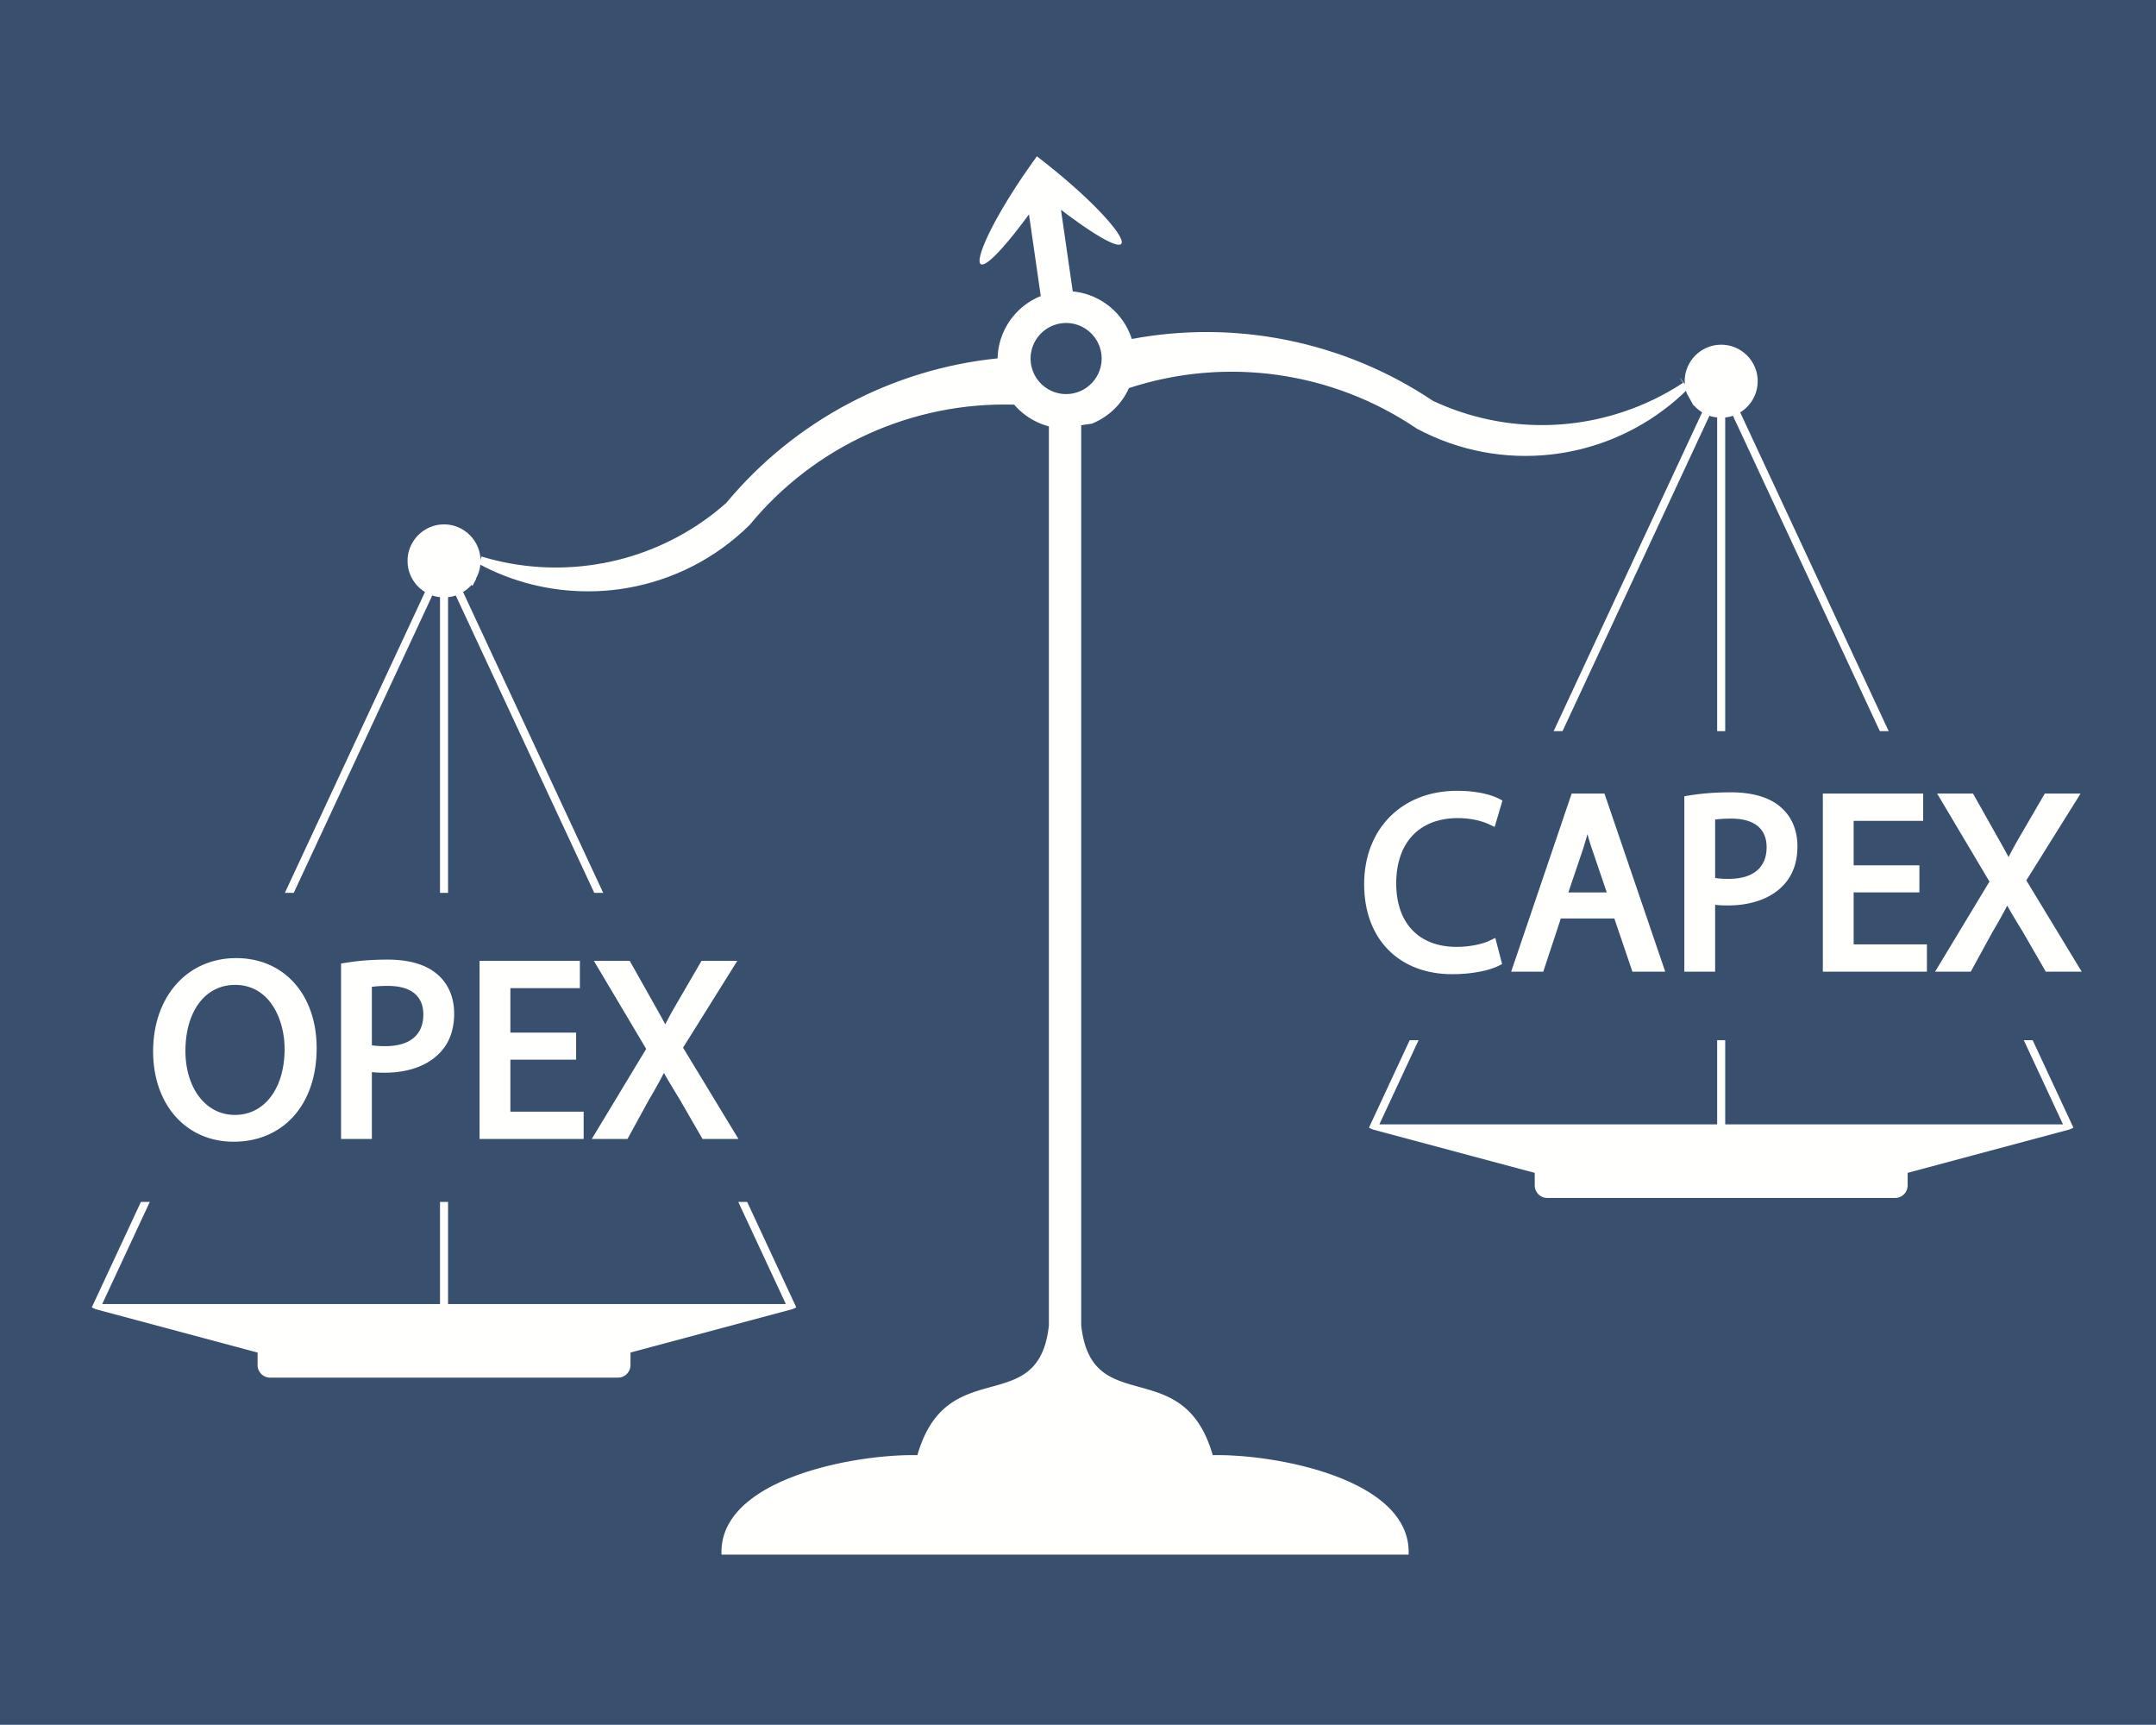 CapEx or OpEx
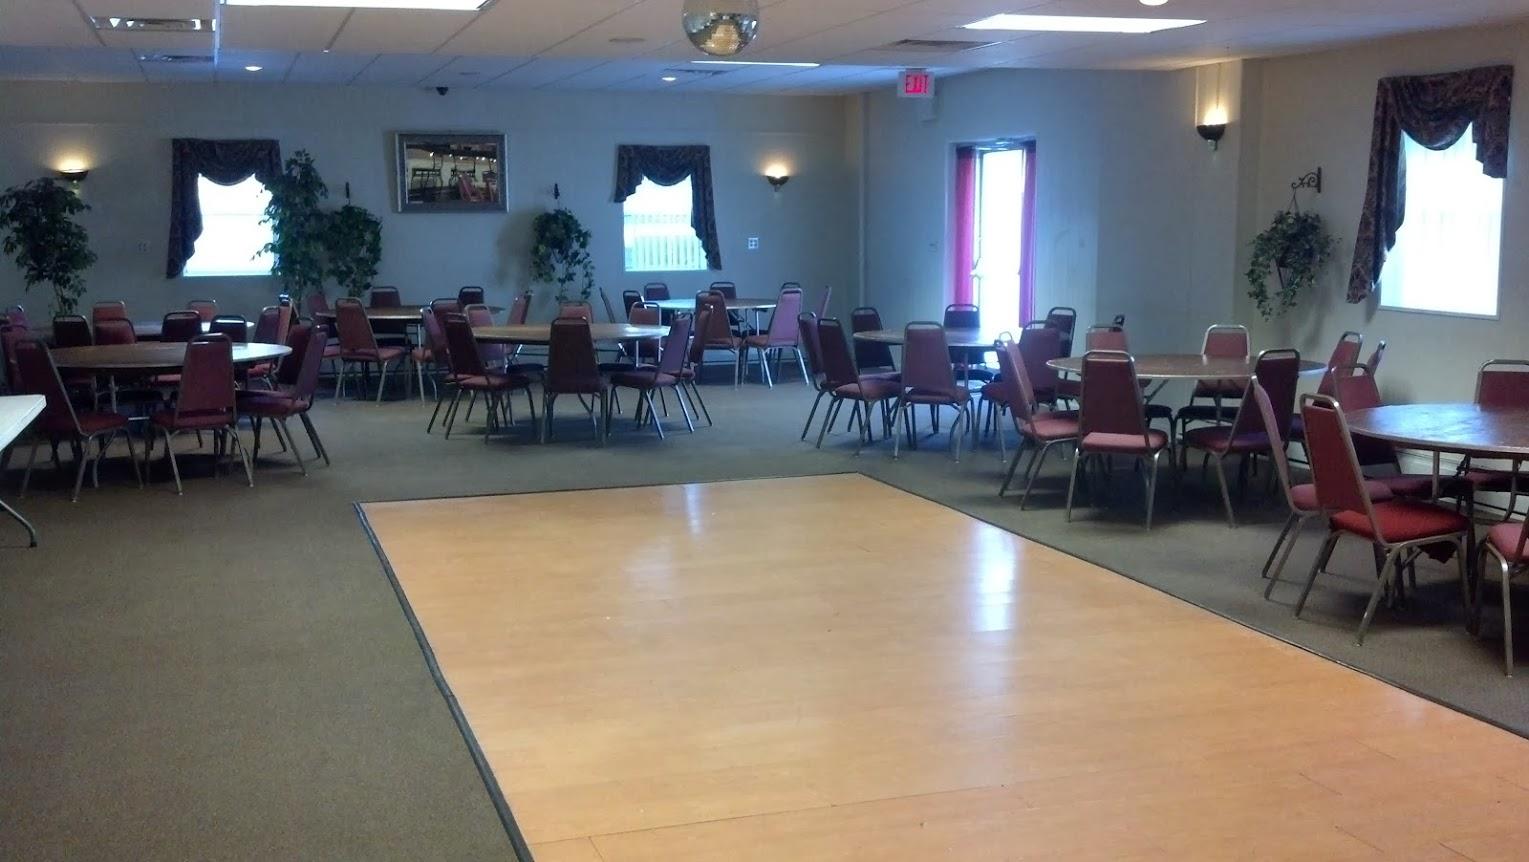 Washington Township Ambulance Hall The Willow Room Hall
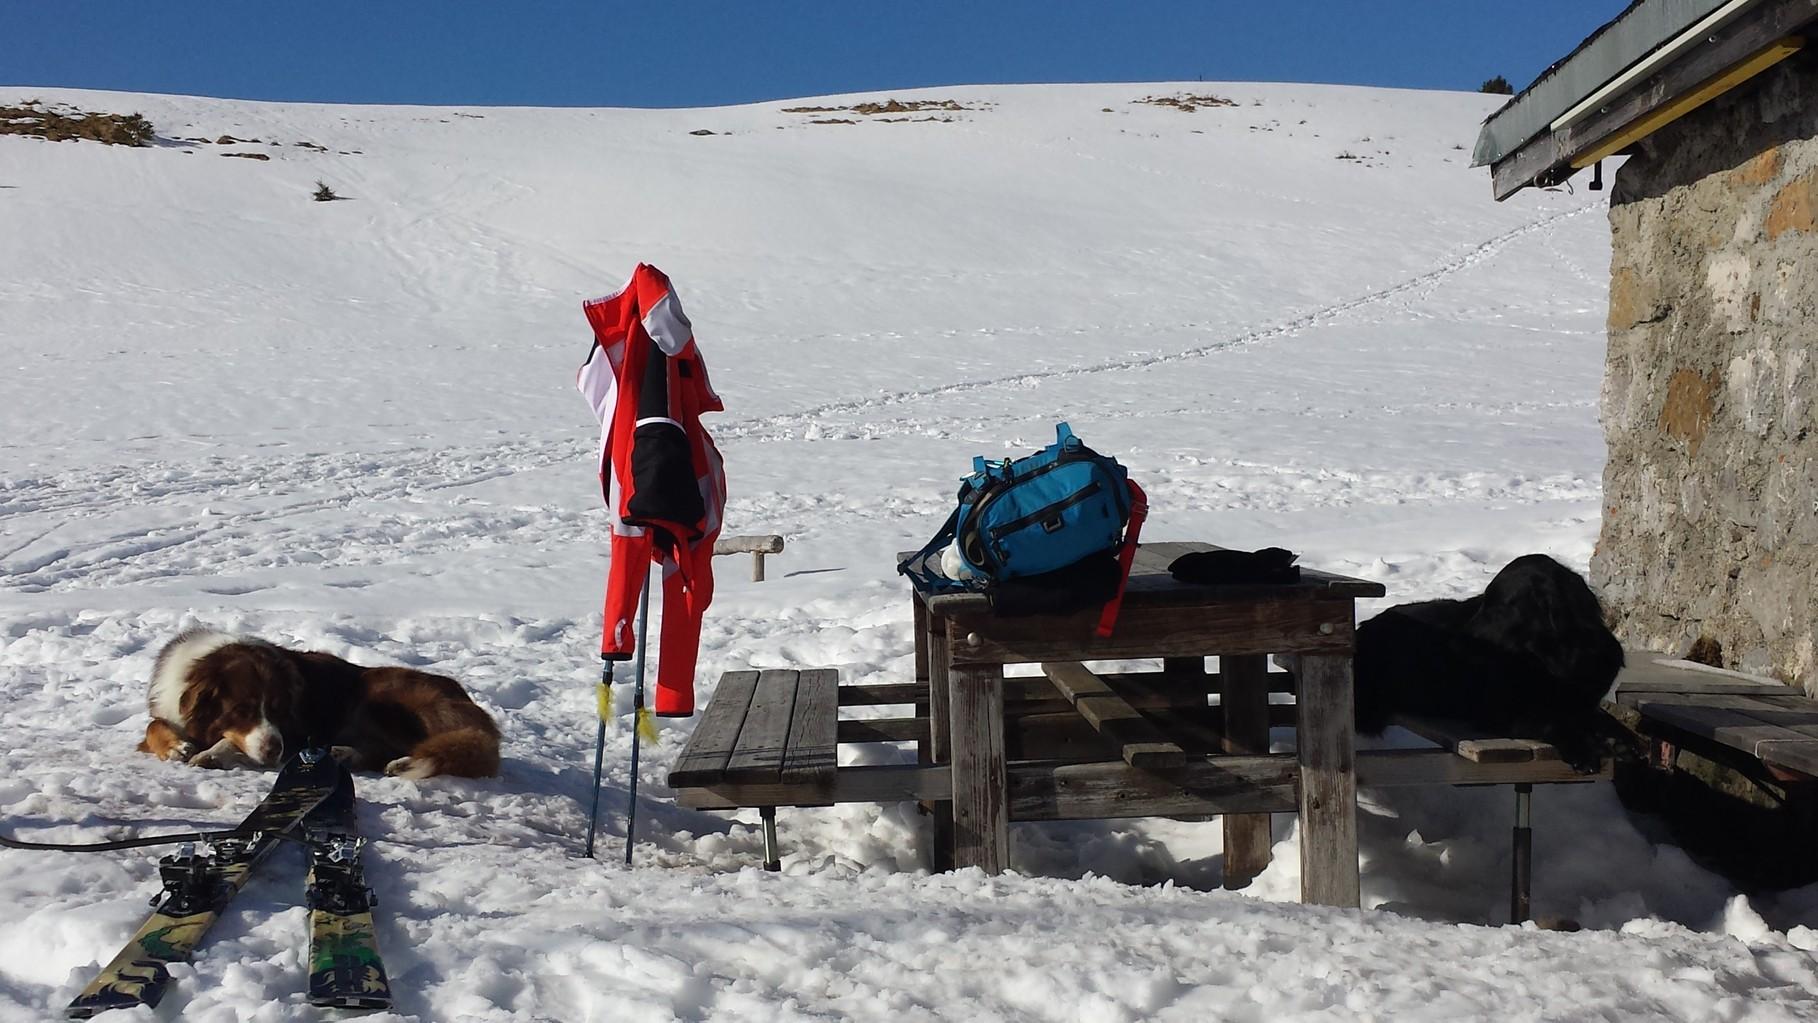 Im Alpstei uf Schitürli  (Siesta)
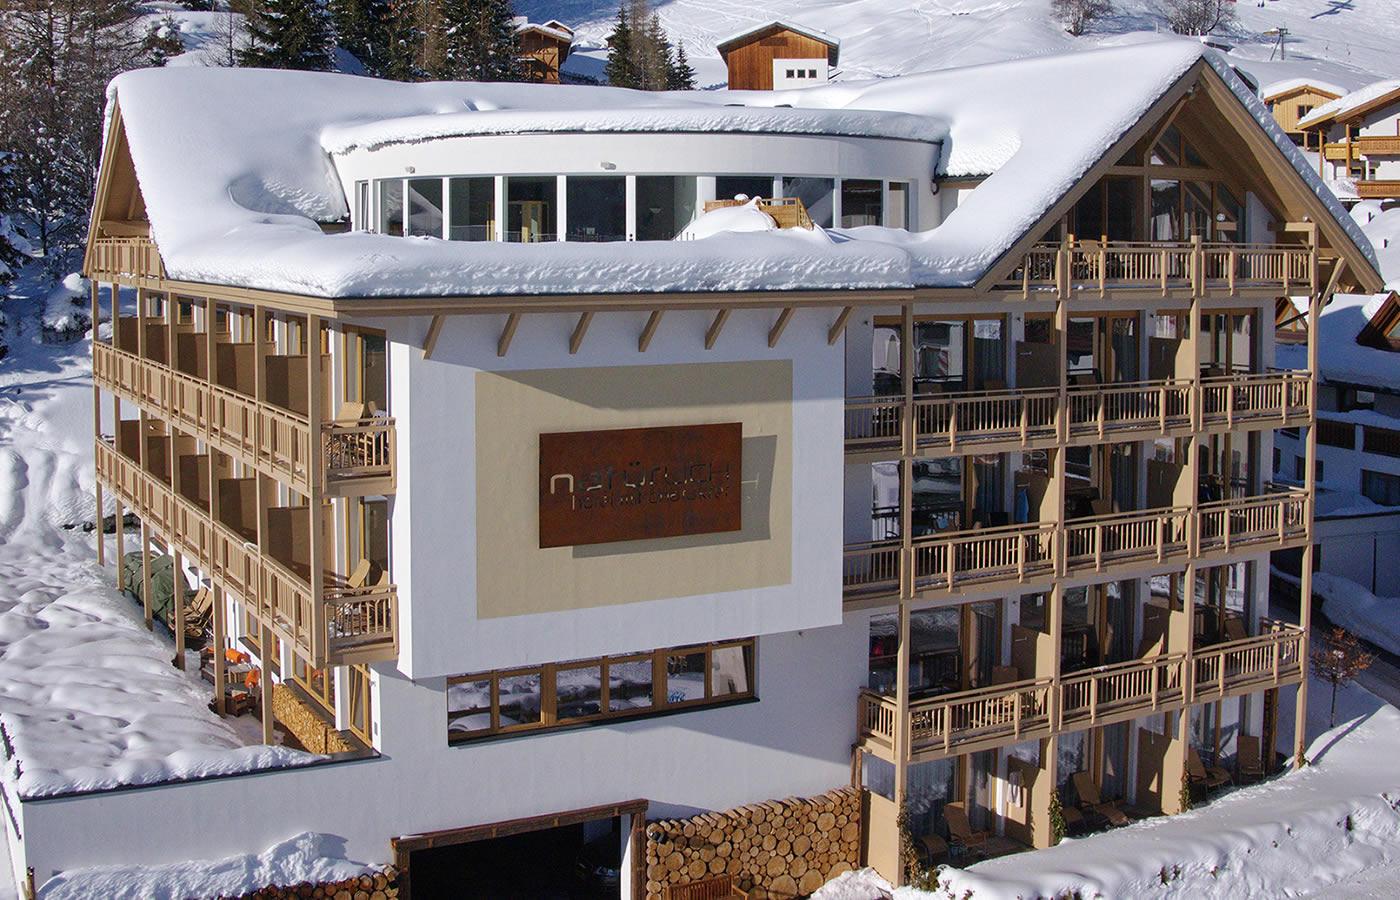 Südansciht Hotel in Serfaus-Fiss-Ladis in Tirol.

——

**REQUIRED WORK:** Reproduce the material in full, word for word, and omit the pictures.

**SOLUTION:**
 CapEx or OpEx
 Washington Township Ambulance Hall The Willow Room Hall
 Im Alpstei uf Schitürli  (Siesta)
 Südansciht Hotel in Serfaus-Fiss-Ladis in Tirol.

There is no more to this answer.